Dead-time gaps biases also comes in.

For any software (TimeLab or Stable32) to process sufficiently unbiased
values, only phase values should be used to avoid both the filtering and
dead-time gap issues.

> 2. You may know this, but from your text it could be a misunderstanding:
> timelab does not configure the instrument; whichever sample interval you
> select in timelab should match the sample interval you have set up the
> 53230a to use.

TimeLab actually assumes that the user really know what they are doing,
but attempts to assist in the overall task. Adding a instrument
configuration tool into TimeLab would be possible, but for most part
consider the configuration you do for a measurement the opportunity to
input to TimeLab under which conditions the measurement was done, how
the instrument was setup etc. From there it just consumes measurements,
scales them according to the configuration, unwrapp phase etc. prior to
record the measurement record that is then used for analysis.

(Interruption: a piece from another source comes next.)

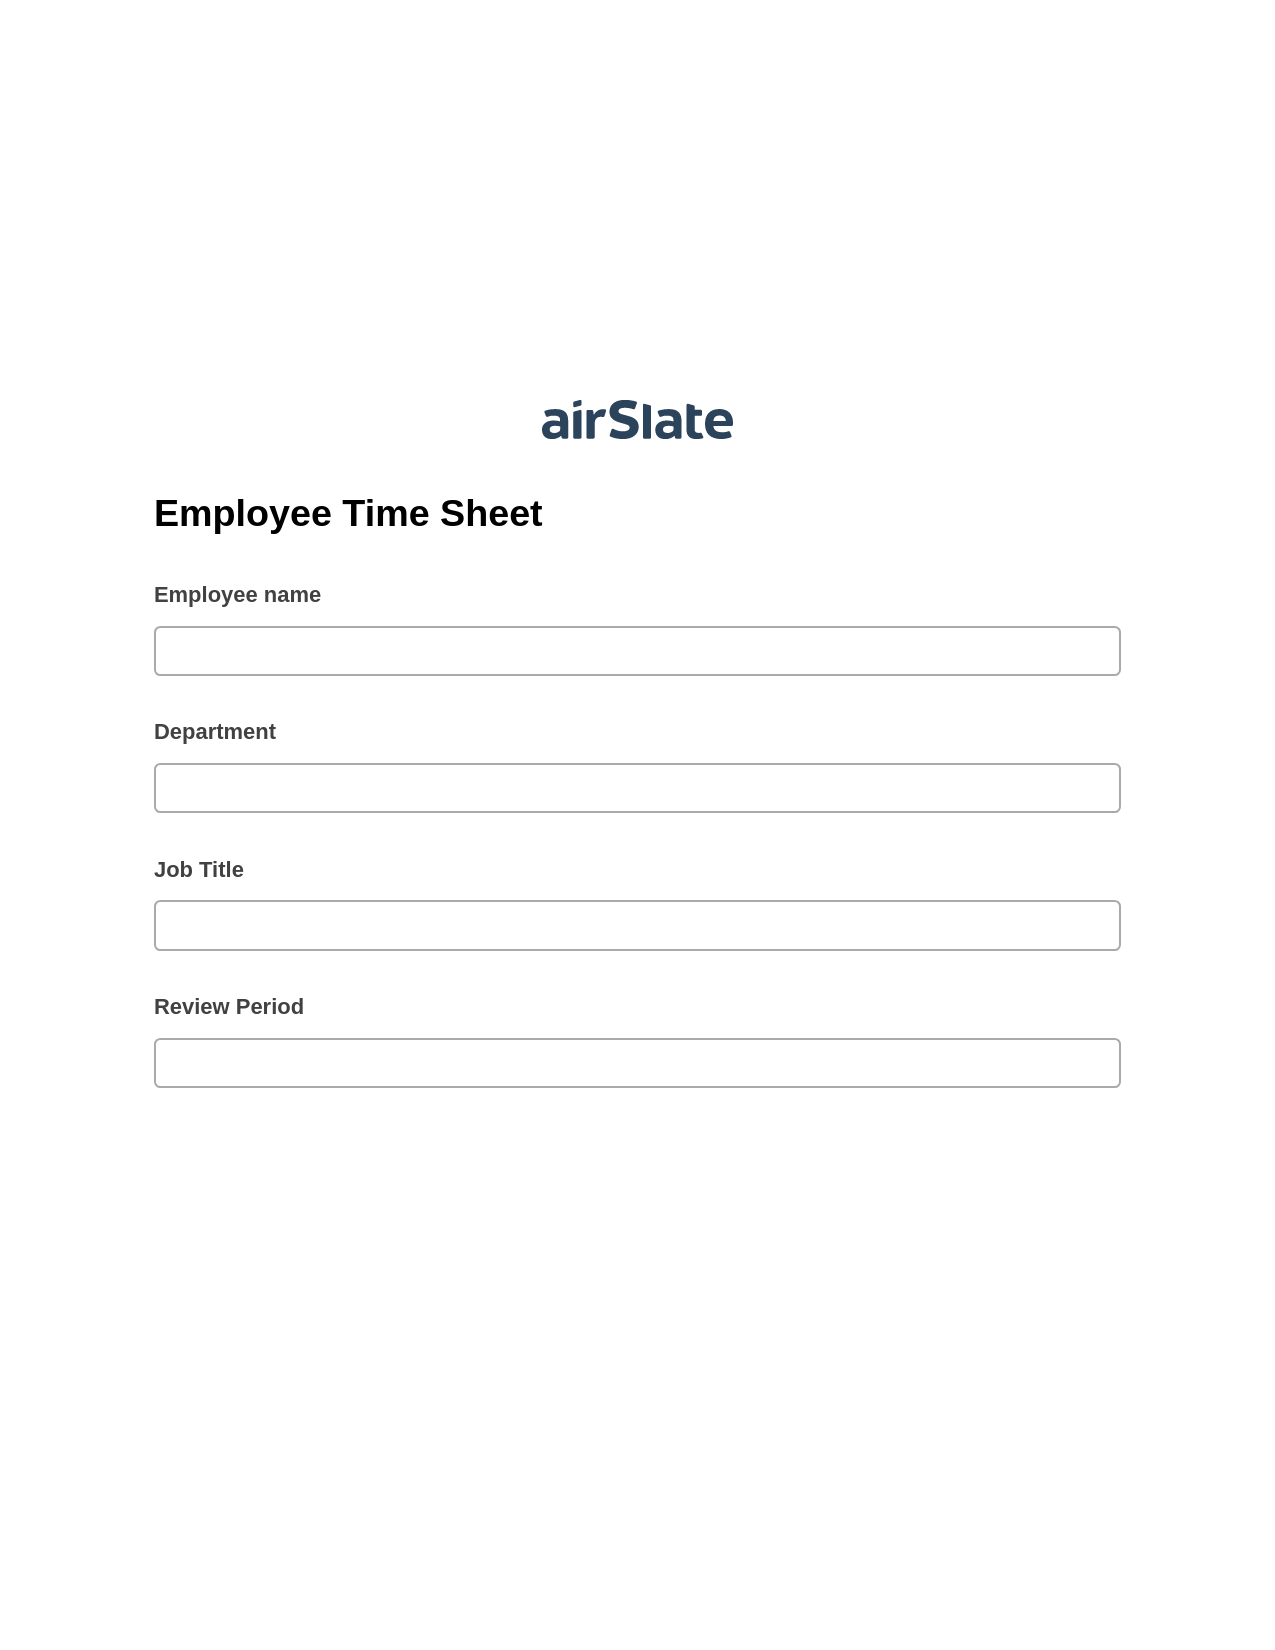 Multirole Employee Time Sheet Pre-fill from another Slate Bot, Create slate from another Flow Bot, Webhook Postfinish Bot

> 3. Regarding the ADEV number discrepancy; are the measurements made *at the
> same time*? For "long enough"? (The numbers jump all over the place before
> they settle down, thats normal from my experience.)

One of the great learning experiences you can get from TimeLab is how
the real-time update of ADEV swings in the highest tau range of the
plot, but as more samples comes in, the same tau range becomes less
uncertain, the confidence bounds (chi-square based) goes down and
TimeLab illustrates this very nicely. Thus, one wants to have enough
samples before judging too much of a value. It's experience one has to
built.

> Of course, theres the question of what reference you are measuring against.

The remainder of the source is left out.